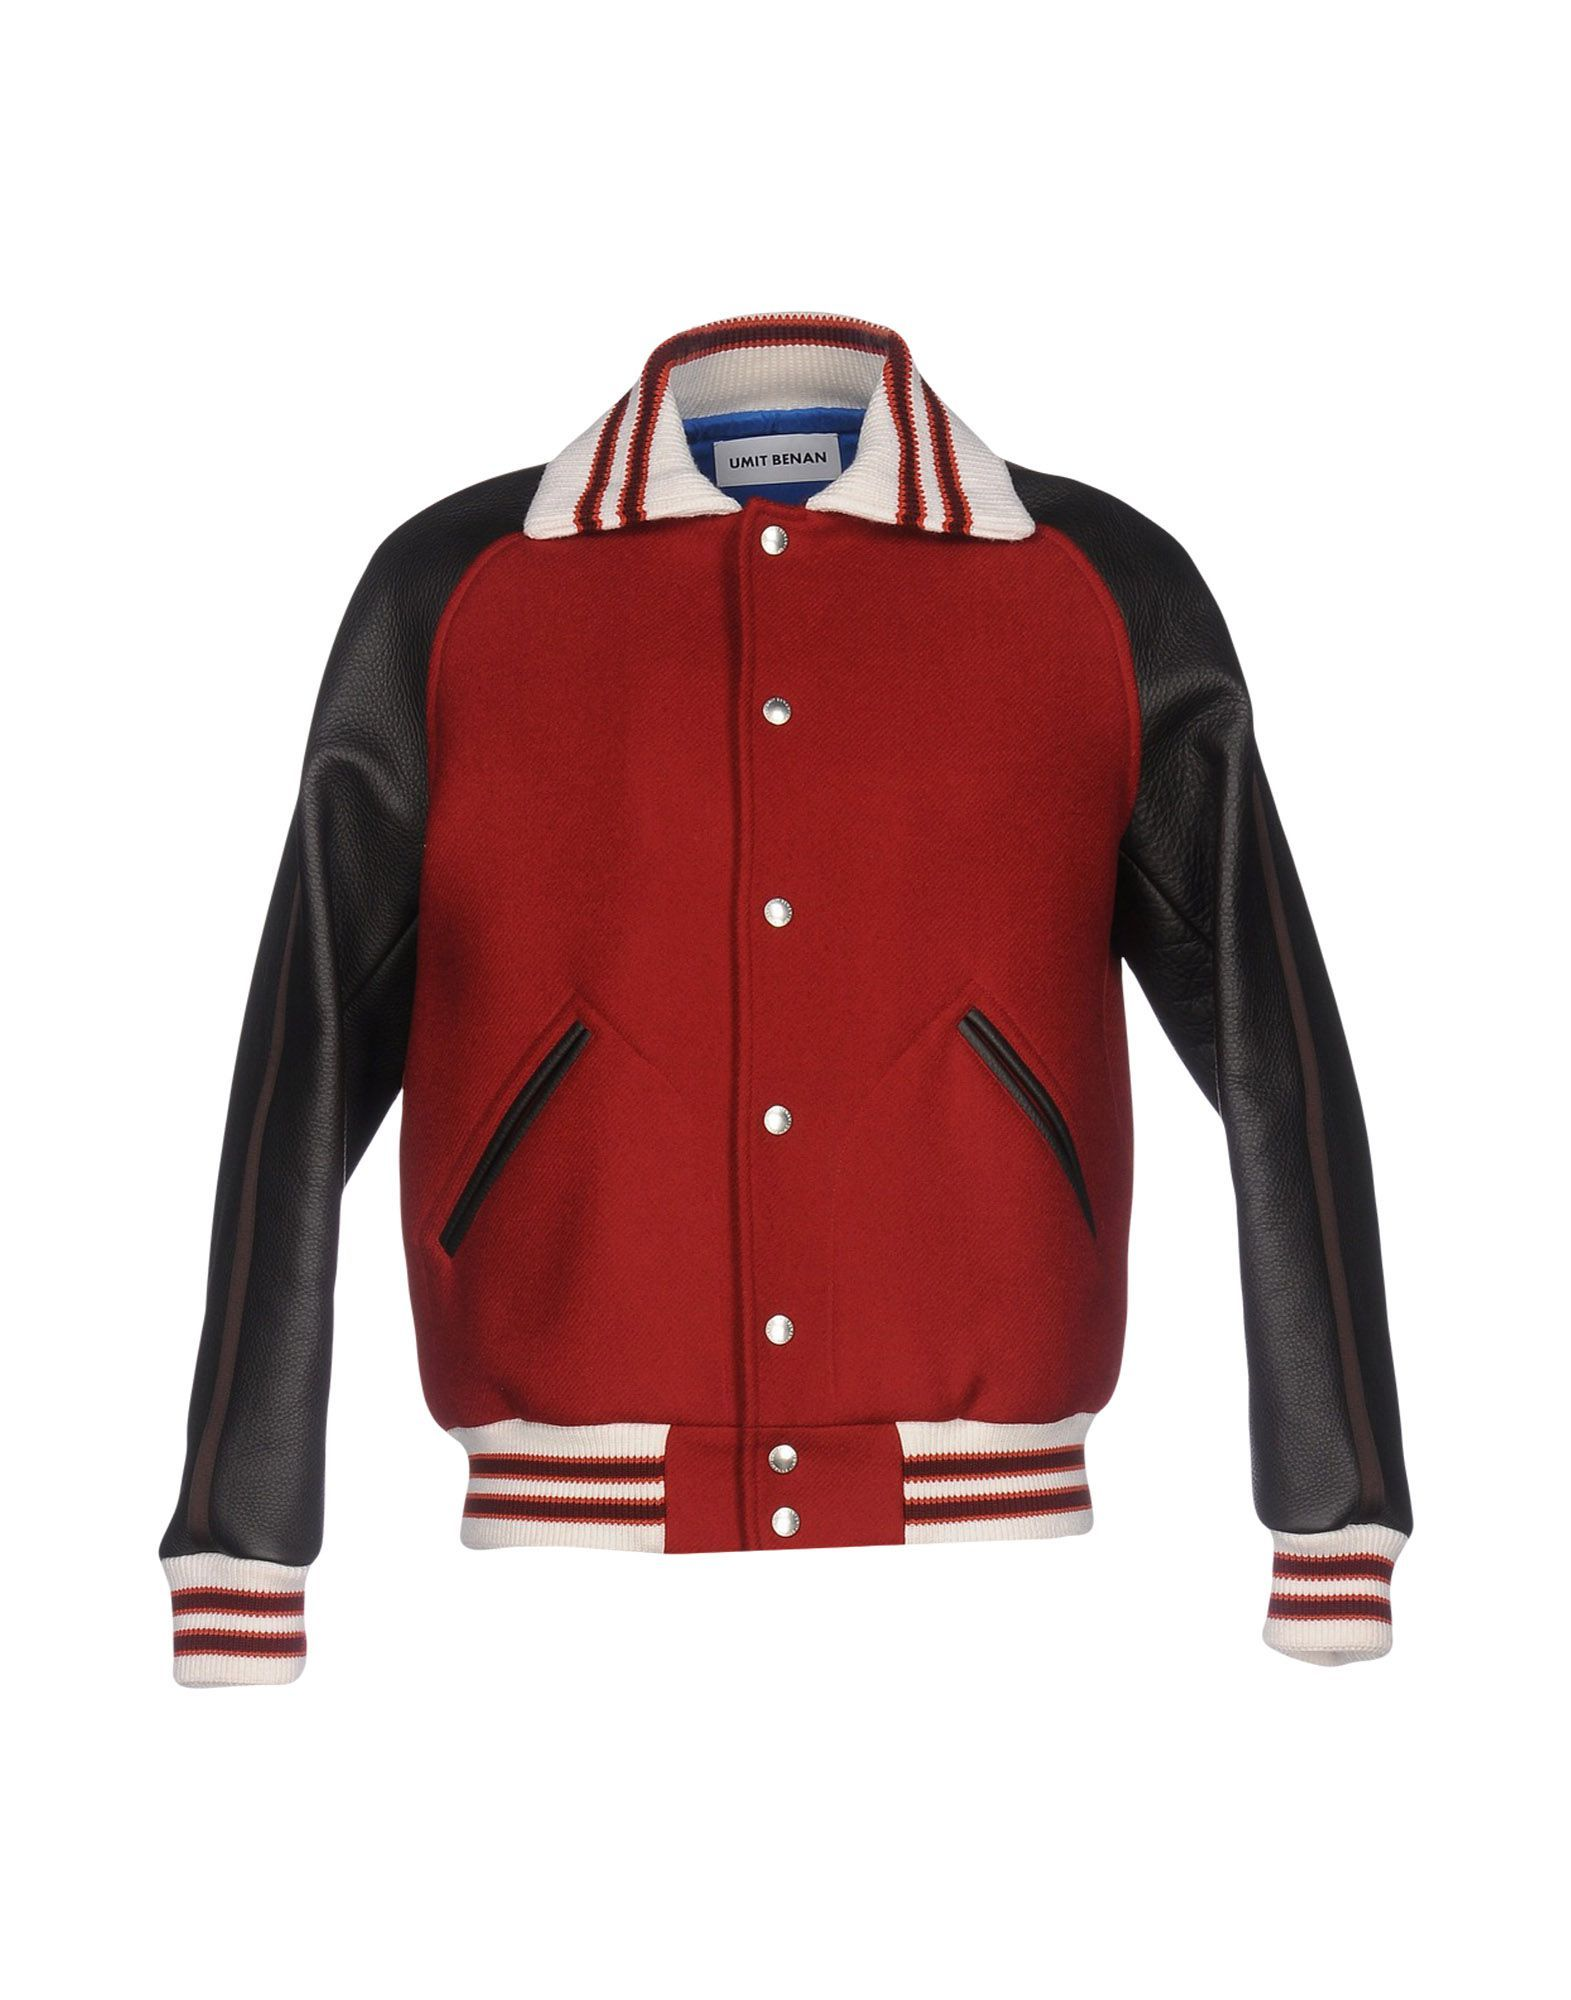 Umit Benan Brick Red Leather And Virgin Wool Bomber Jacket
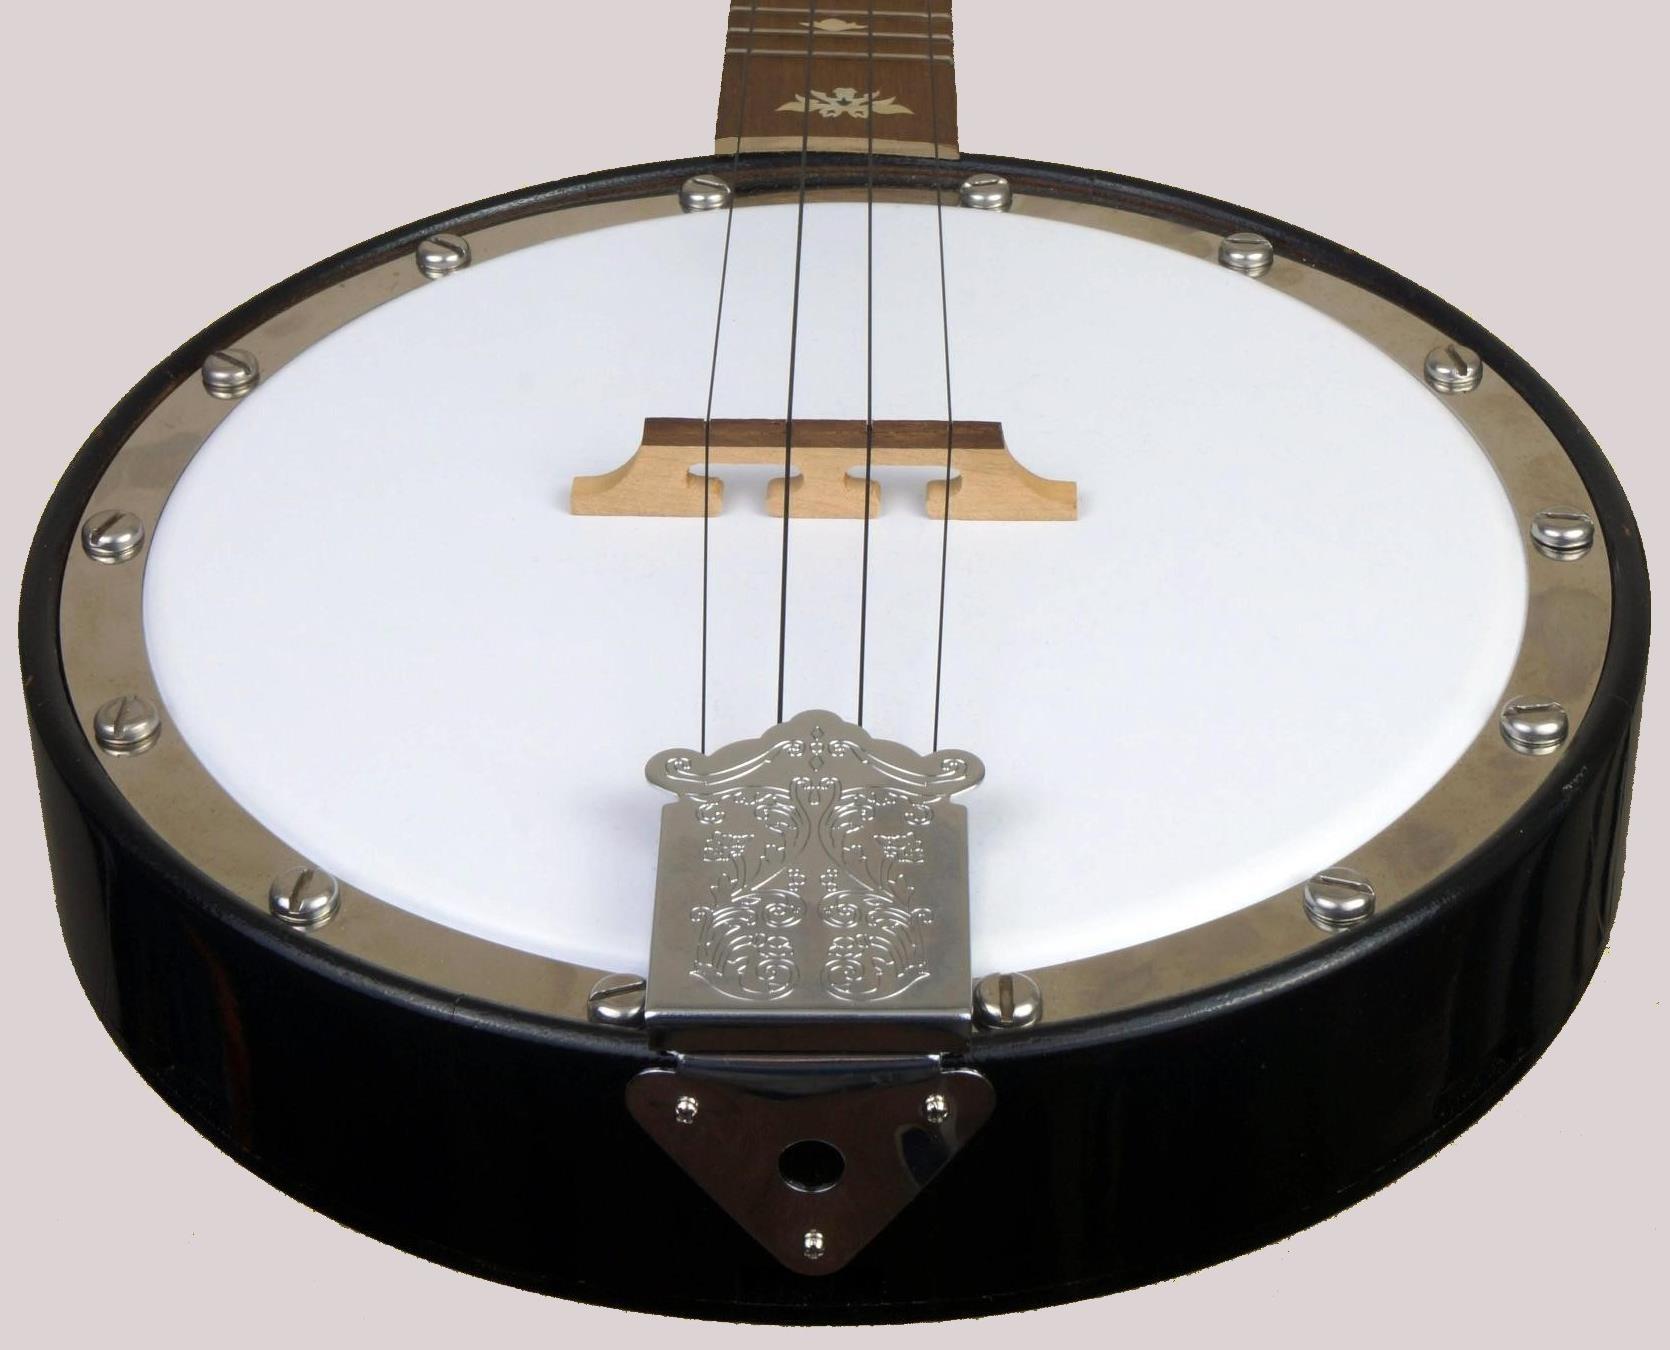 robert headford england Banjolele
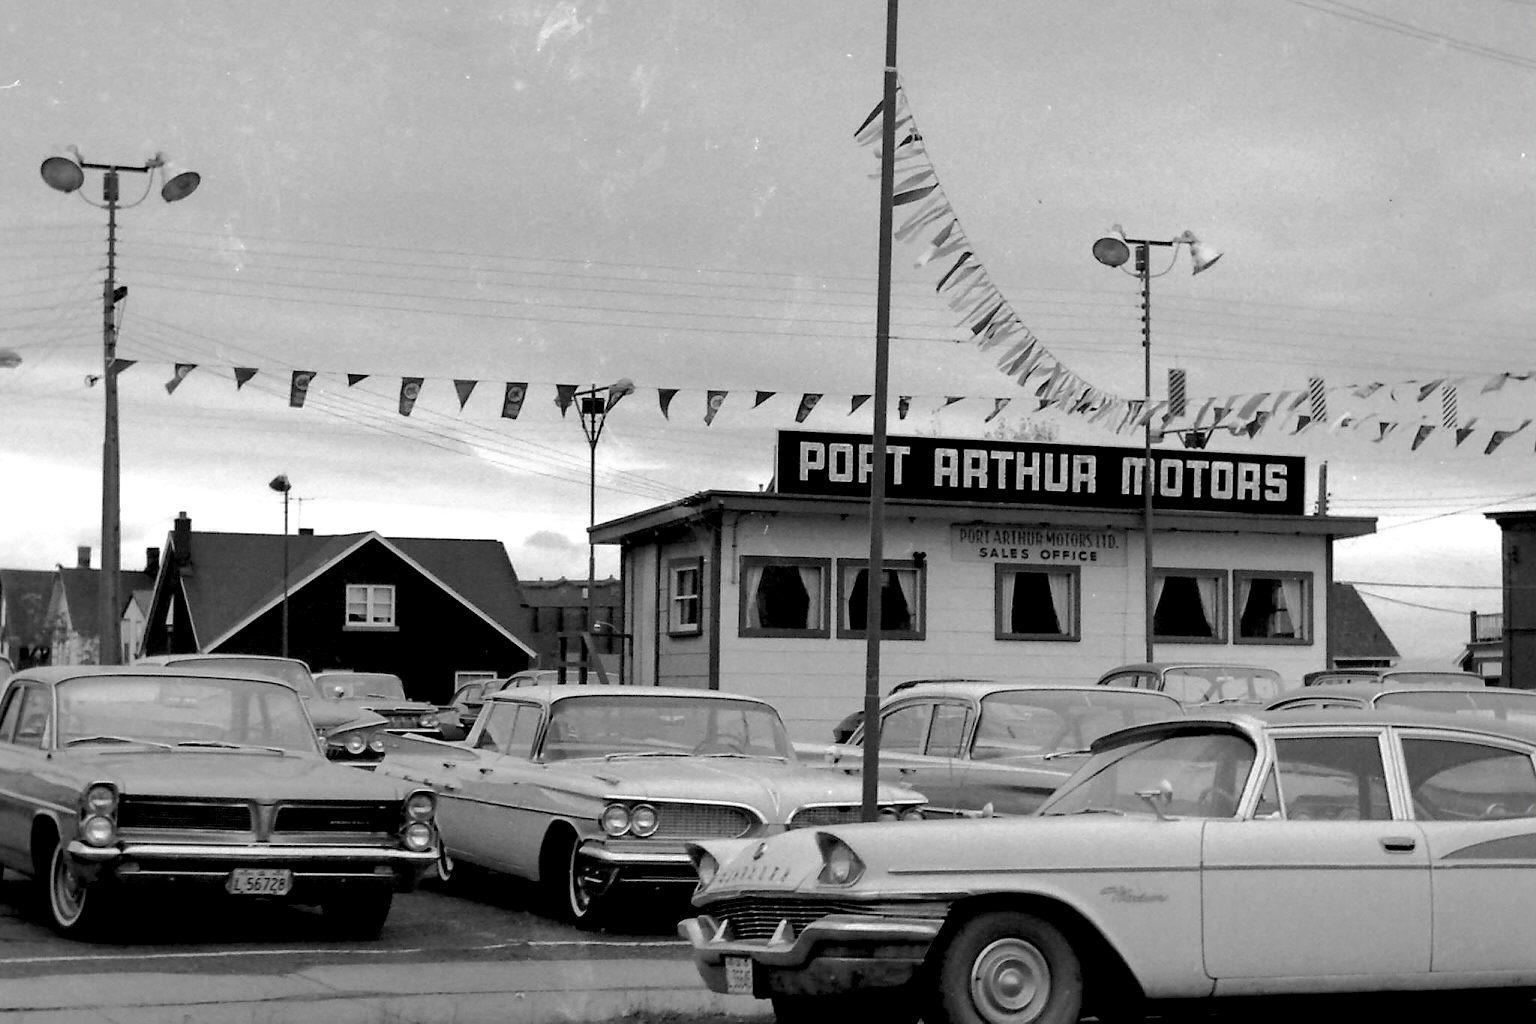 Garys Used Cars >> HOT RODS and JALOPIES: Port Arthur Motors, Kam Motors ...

▸ **Exercise aim**
Except for the pictures, return every line of the material exactly.

▸ **Problem solution**
 Umit Benan Brick Red Leather And Virgin Wool Bomber Jacket
 robert headford england Banjolele
 Garys Used Cars >> HOT RODS and JALOPIES: Port Arthur Motors, Kam Motors ...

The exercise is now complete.